- Infrastructure as Code (IaC): using Terraform, you get an infrastructure that’s smooth and efficient
- State management: Terraform saves the current infrastructure state, so you can review further changes without applying them. Also, state can be stored remotely, so you can work on the infrastructure in a team
- Scalability and flexibility: the infrastructure built based on this boilerplate can be expanded and updated anytime
- Comprehensiveness: you get scaling and monitoring instruments along with the basic infrastructure. You don’t need to manually modify anything in the infrastructure; you can simply make changes in Terraform as needed and deploy them to AWS and Kubernetes
- Control over resources: the IaC approach makes the infrastructure more observable and prevents waste of resources
- Clear documentation: your Terraform code effectively becomes your project documentation. It means that you can add new members to the team, and it won’t take them too much time to figure out how the infrastructure works
- Safe and polished: we’ve used these solutions in our own large-scale, high-load projects. We’ve been perfecting this infrastructure building process for months, making sure that it results in a system that is safe to use, secure, and reliable
- Saves time: you can spend weeks doing your own research and making the unavoidable mistakes to build an infrastructure like this. Instead, you can rely on this boilerplate and create the infrastructure you need within a day
- It’s free: we’re happy to share the results of our work
This repository contains terraform modules and configuration of the Mad Devs team for the rapid deployment of a Kubernetes cluster, supporting services, and the underlying AWS infrastructure.
In our company’s work, we have tried many infrastructure solutions and services and traveled the path from on-premise hardware to serverless. As of today, Kubernetes has become our standard platform for deploying applications, and AWS has become the main cloud.
It is worth noting here that although 90% of our and our clients’ projects are hosted on AWS and AWS EKS is used as the Kubernetes platform, we do not insist, do not drag everything to Kubernetes, and do not force anyone to be hosted on AWS. Kubernetes is offered only after the collection and analysis of service architecture requirements.

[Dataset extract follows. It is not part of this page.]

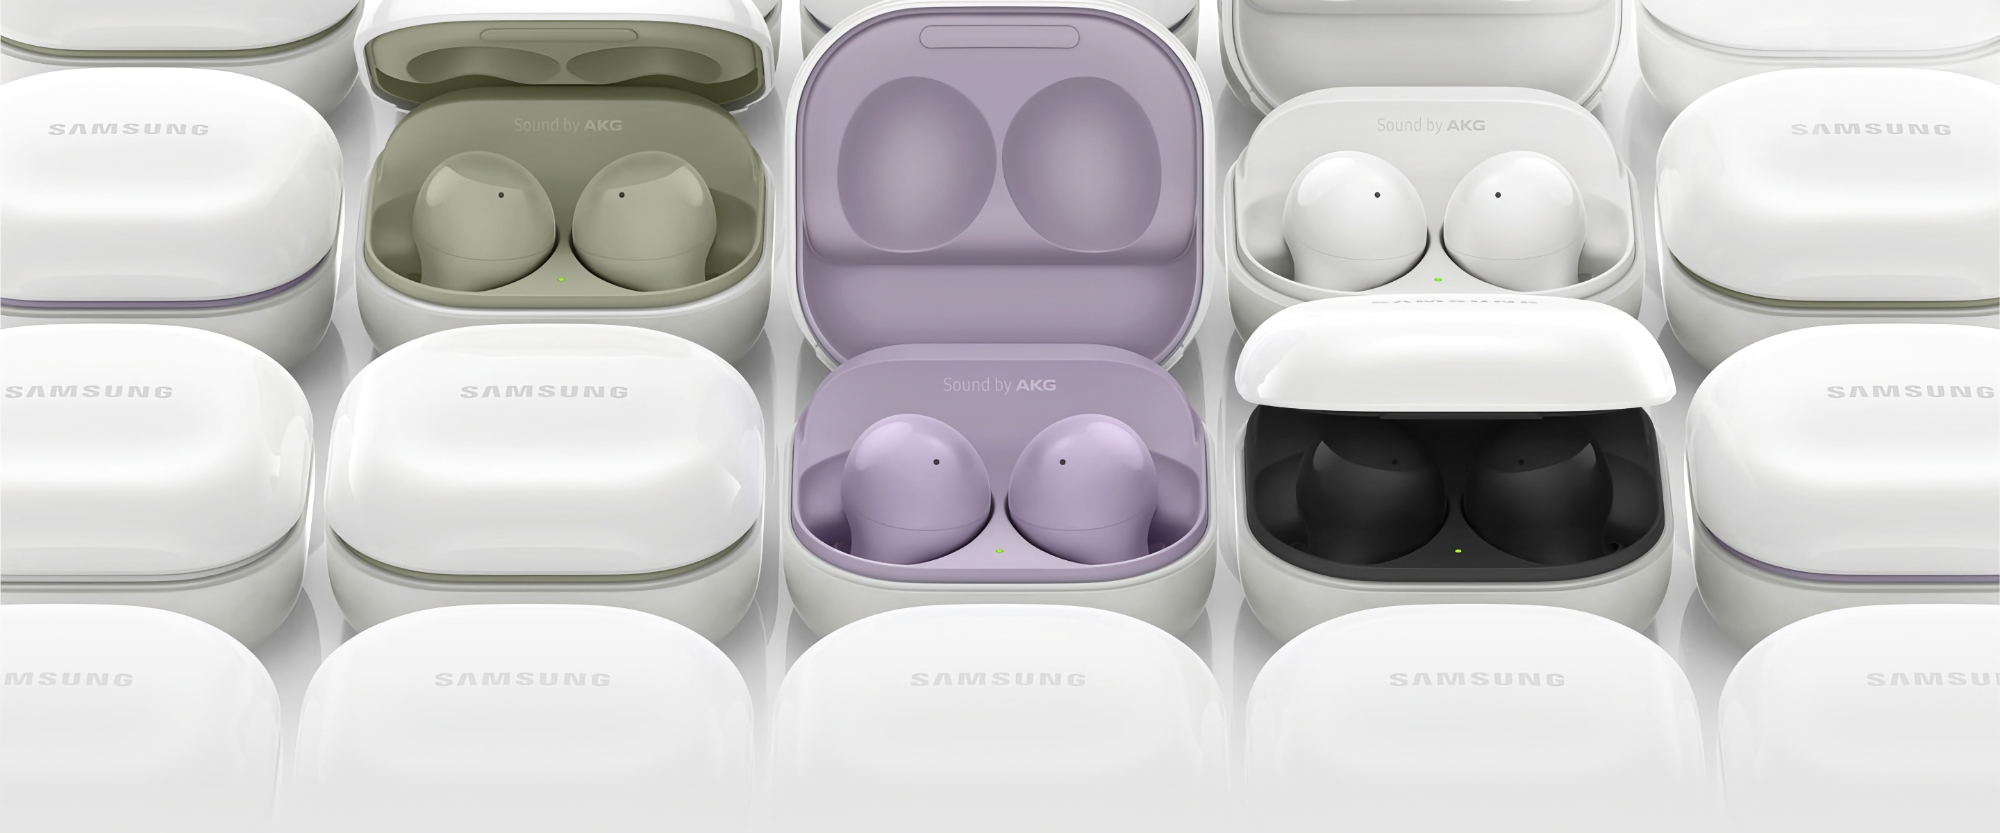 Offer of the day: Samsung Galaxy Buds2 with ANC and up to 29 hours of battery life at $60 off

And then, when choosing Kubernetes, it makes almost no difference to applications how the cluster itself is created—manually, through kops or using managed services from cloud providers—in essence, the Kubernetes platform is the same everywhere. So the choice of a particular provider is then made based on additional requirements, expertise, etc.
We know that the current implementation is far from being perfect. For example, we deploy services to the cluster
using terraform
: it is rather clumsy and against the k8s approache, but it is convenient for bootstrapping because,
by using state and interpolation, we convey proper IDs
, ARNs
, and other attributes to resources and names or
secrets to templates and generated values from them for the required charts all within terraform.
There are more specific drawbacks: the data "template_file"
resources that we used for most templates are extremely inconvenient for development and debugging, especially if there are 500+ line rolls like terraform/layer2-k8s/templates/elk-values.yaml
. Also, despite helm3
got rid of the tiller
, a large number of helm releases still at some point leads to plan hanging. Partially, but not always, it can be solved by terraform apply -target
, but for the consistency of the state, it is desirable to execute plan
and apply
on the entire configuration. If you are going to use this boilerplate, it is advisable to split the terraform/layer2-k8s
layer into several ones, taking out large and complex releases into separate modules.
You may reasonably question the number of .tf files. This monolith certainly should be refactored and split into many micro-modules adopting terragrunt approach. This is exactly what we will do in the near future, solving along the way the problems described above.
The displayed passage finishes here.